Our Darling Dahlias Garden Club is making big plans for the Confederate Day celebrations. Their focus is the town cemetery, where they plan to plant some classic Confederate roses along the fence. True to her gardening and herbal background, Albert tells us about the rose (which is actually a hibiscus). We also find out each member’s particular interest, from rose fancier Earlynne Biddle to Alice Ann Walker, who likes the simplicity of bulb flowers such as irises and daylilies.

I love the club roster provided for the Darling Dahlias with tidbits about their backgrounds.
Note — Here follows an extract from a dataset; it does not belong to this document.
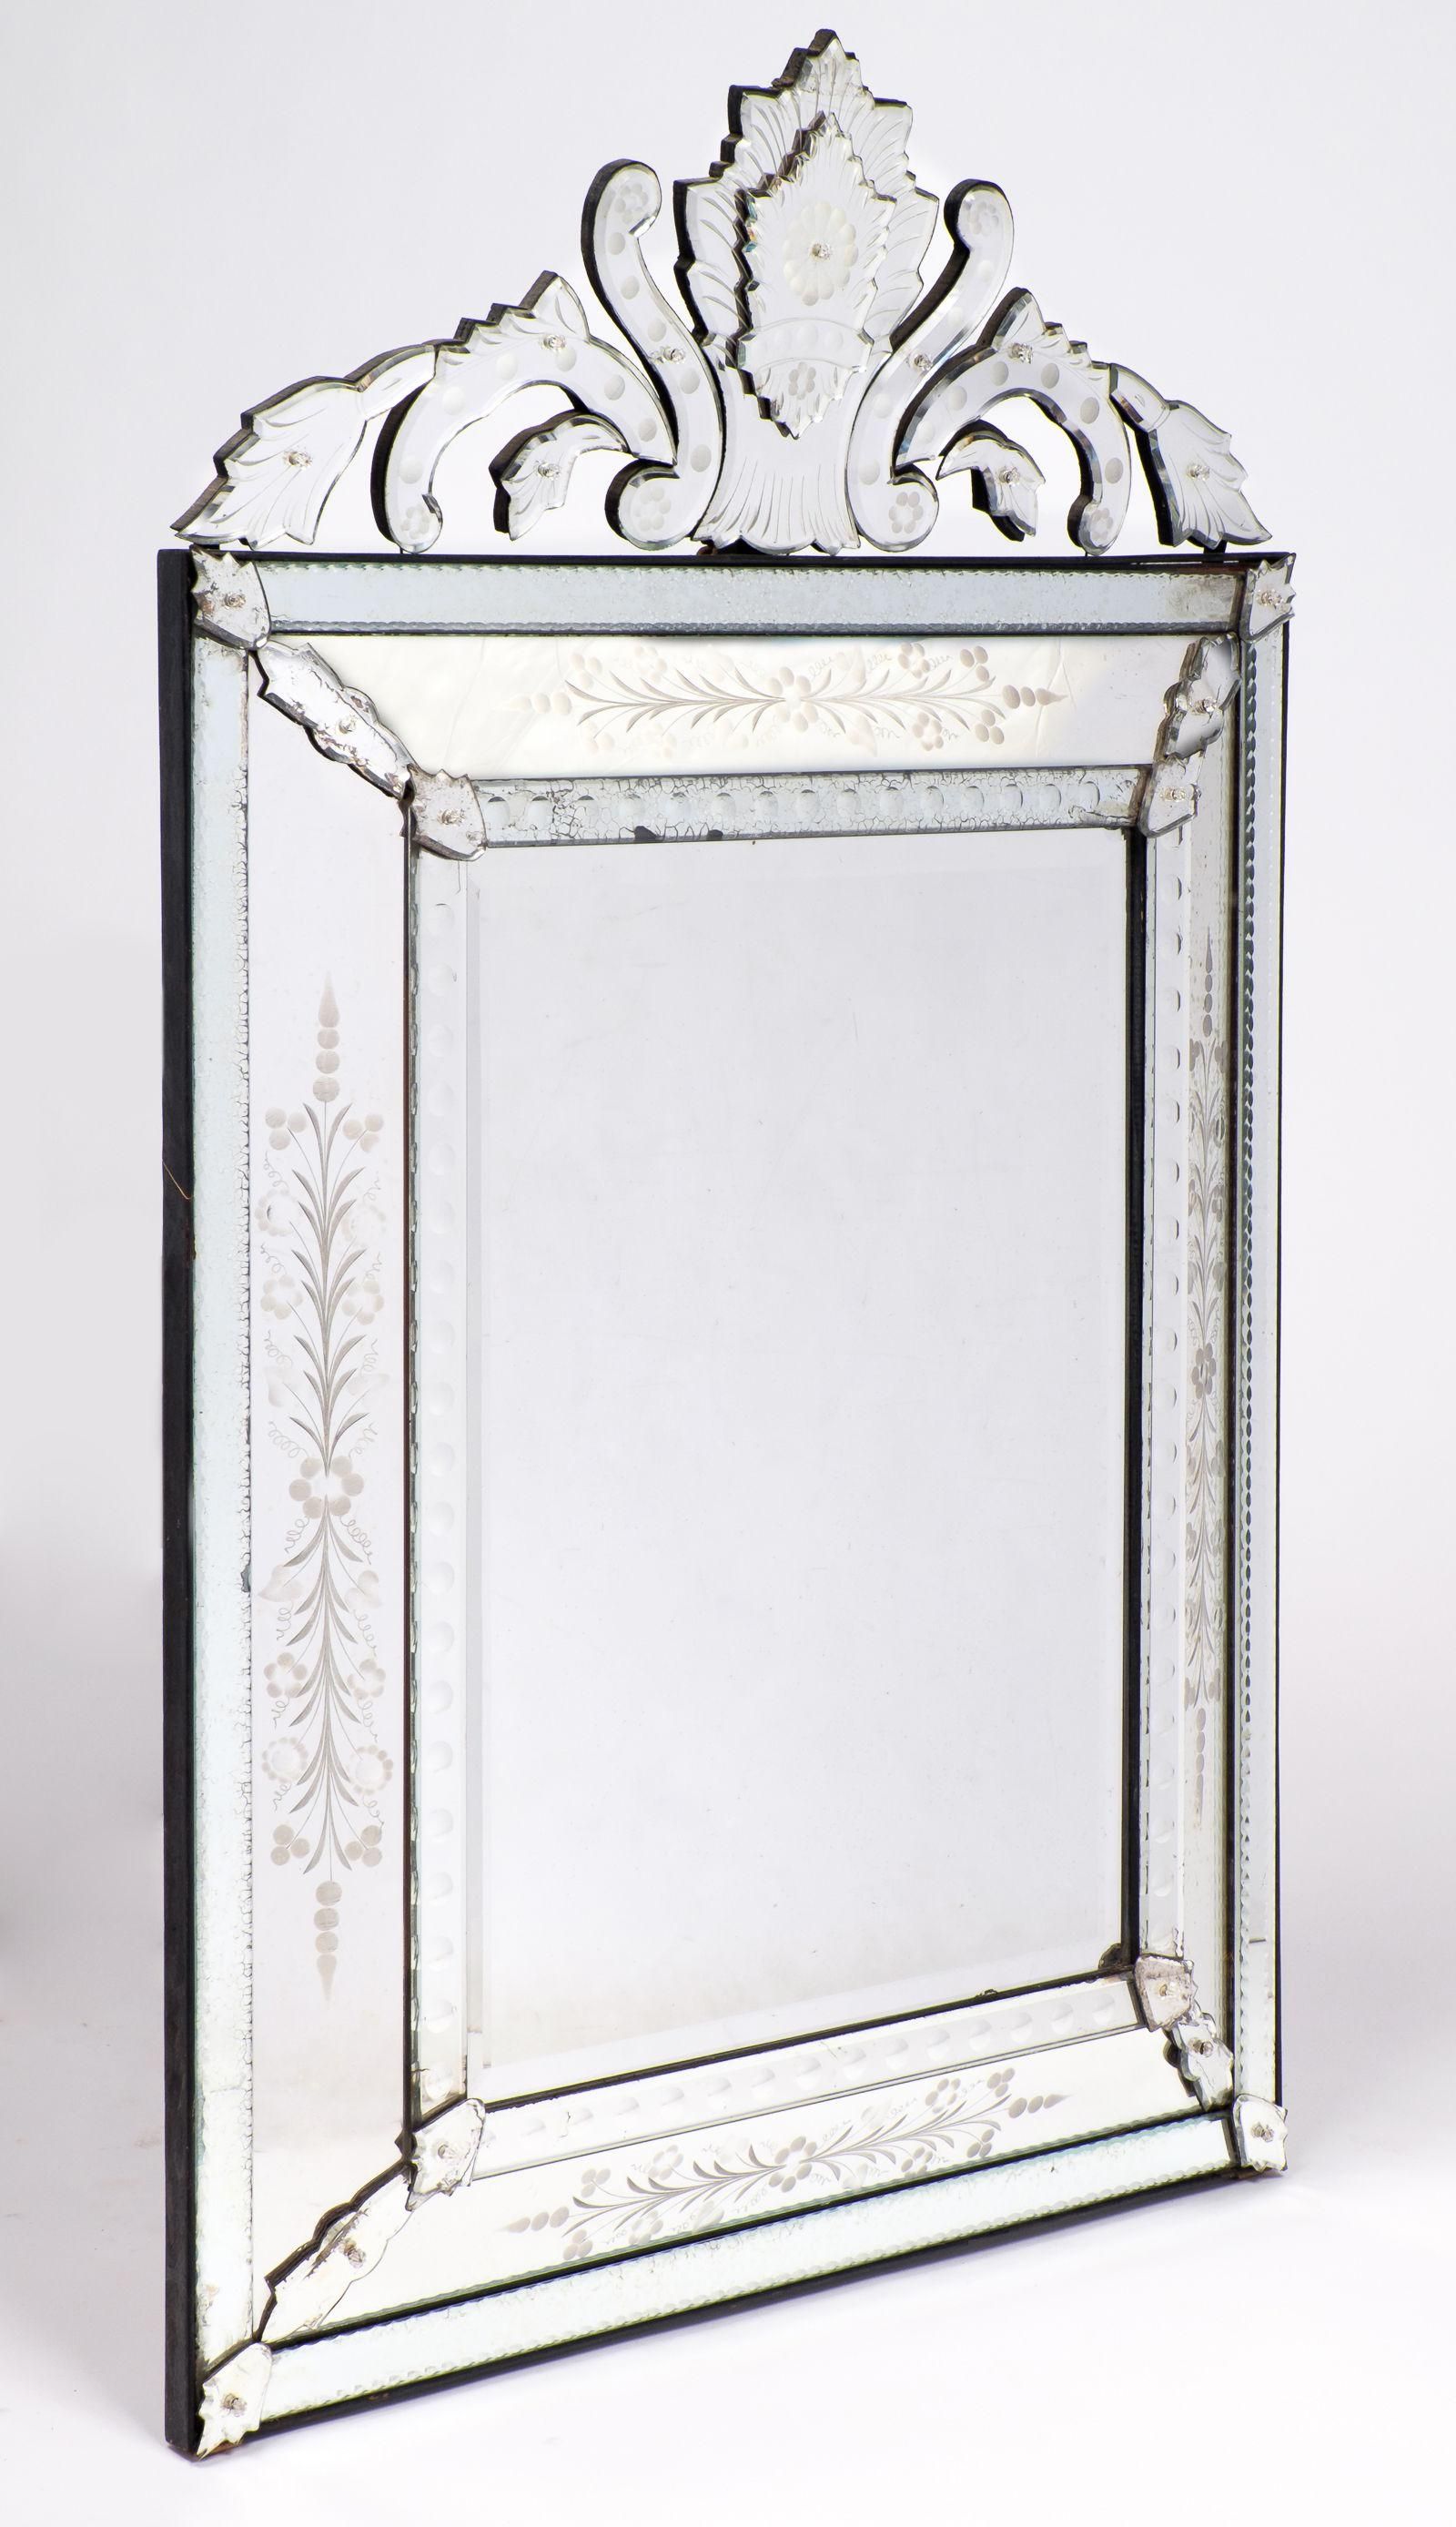 Antique Venetian Glass Mantel Mirror – Jean Marc Fray With Regard To Antique Venetian Glass Mirror (View 18 of 20)

In April 1931, our intrepid club officers include president Elizabeth Lacy, also a secretary to a local attorney and writer of the garden column for the Darling Dispatch. In addition, there are Ophelia Snow (VP and secretary), wife of the town major; treasurer Verna Tidwell, an office manager for the probate office; and club historian Bessie Bloodworth, owner of Magnolia Manor, the local “genteel ladies” boarding house. Of course, all the members are listed as well.

The women are used to hard work and dedication to each other and their small town. When one of their own members is accused of stealing $15,000 from the town treasury, the ladies are determined to prove her innocence. That isn’t all the Dahlias have to deal with. Miss (Dorothy) Rogers, town librarian, discovers a mystery of her own. A bedeviled cat has torn the cover of a treasured family heirloom pillow, and there is some strange embroidery underneath. Could it be some kind of code? Can the local newspaperman be of any help in discovering its meaning?

The tidbits of history, garden lore and small-town life are charmingly presented, including the story of a real-life Confederate spy—the so-called “Confederate Rose,” Rose Greenhow. In the author’s note at the end of the book, there is a copy of Rose Greenhow’s cipher. Makes for enjoyable reading, and if your taste buds are twitching when you read about the food that the Darling Dahlias make, there is a great selection of recipes at the back of the book, including Dr. Carver’s Peanut Cookies #3, Euphoria’s Southern Fried Doughnuts and more.

The book comes to a very satisfactory conclusion. If it is your first introduction to this terrific Southern mystery series, go back and read the rest.